Les banques françaises moins sensibles à la nouvelle donne réglementaire
Avec les nouvelles règles de calcul sur les actifs pondérés du risque publiées par le comité de Bâle et la Commission européenne, les établissements français devraient tirer leur épingle du jeu comparativement à leurs homologues. Selon une étude de Credit Suisse, les encours pondérés du risque au sein du secteur devraient croître de 479 milliards d’euros, augmentant le montant des fonds propres requis et pouvant affecter en moyenne le ratio tier one de 0,9 point. Côté français, BNP Paribas (BNP) et la Société Générale (SG) devraient voir leurs encours croître de 3,2 % et 6,4 %, l’impact négatif sur leur ratio tier one pouvant être de respectivement 0,2 et 0,4 %. En revanche, des établissements comme Deutsche Bank, UBS ou Barclays verraient leurs encours bondir de 28,2 % (impact sur le tier one de 1,7 %), de 23,5 % (1,9 %) et 18,1 % (1,1 %)
« Les autorités de régulation françaises semblent avoir anticipé ces nouvelles règles en ayant d’ores et déjà doublé le minimum standard requis en termes de capitaux », explique le bureau d’études.
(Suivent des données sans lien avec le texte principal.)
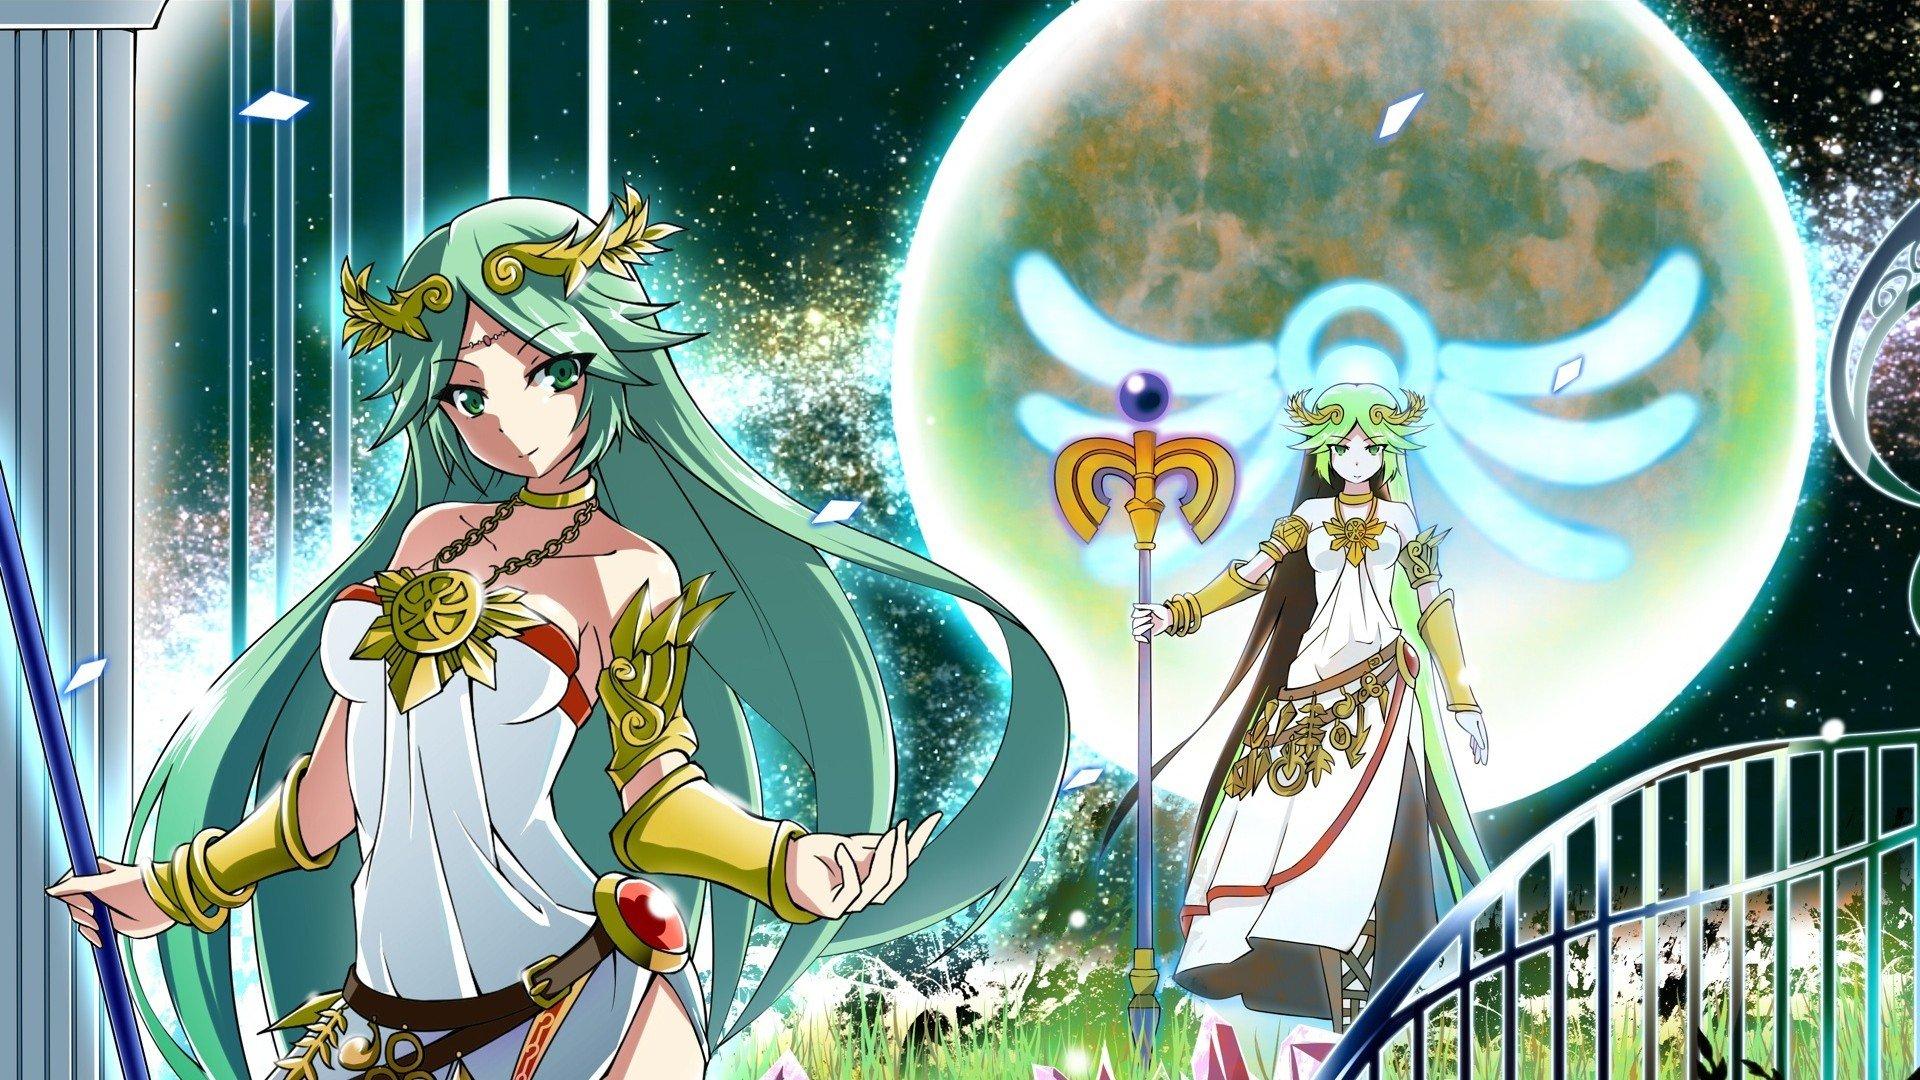 Fondos De Pantalla 1920x1080 Px Chicas Anime Kid Icarus

Le risque de marché réglementaire se révèle moindre chez les banques françaises. « Dans le secteur, les actifs présentant un risque de marché réglementaire représentent entre 5 et 10 % de l’ensemble des actifs pondérés du risque », explique Credit Suisse. Ce pourcentage s’élève à 6,5 % pour SG et dépasse légèrement les 4 % pour BNP, contre plus de 13 % et 9 % chez HSBC et Royal Bank of Scotland. « Avec les changements légaux à venir pouvant tripler les charges capitalistiques, le potentiel d’une réduction significative du ratio tier one est des plus significatifs», poursuit Credit Suisse.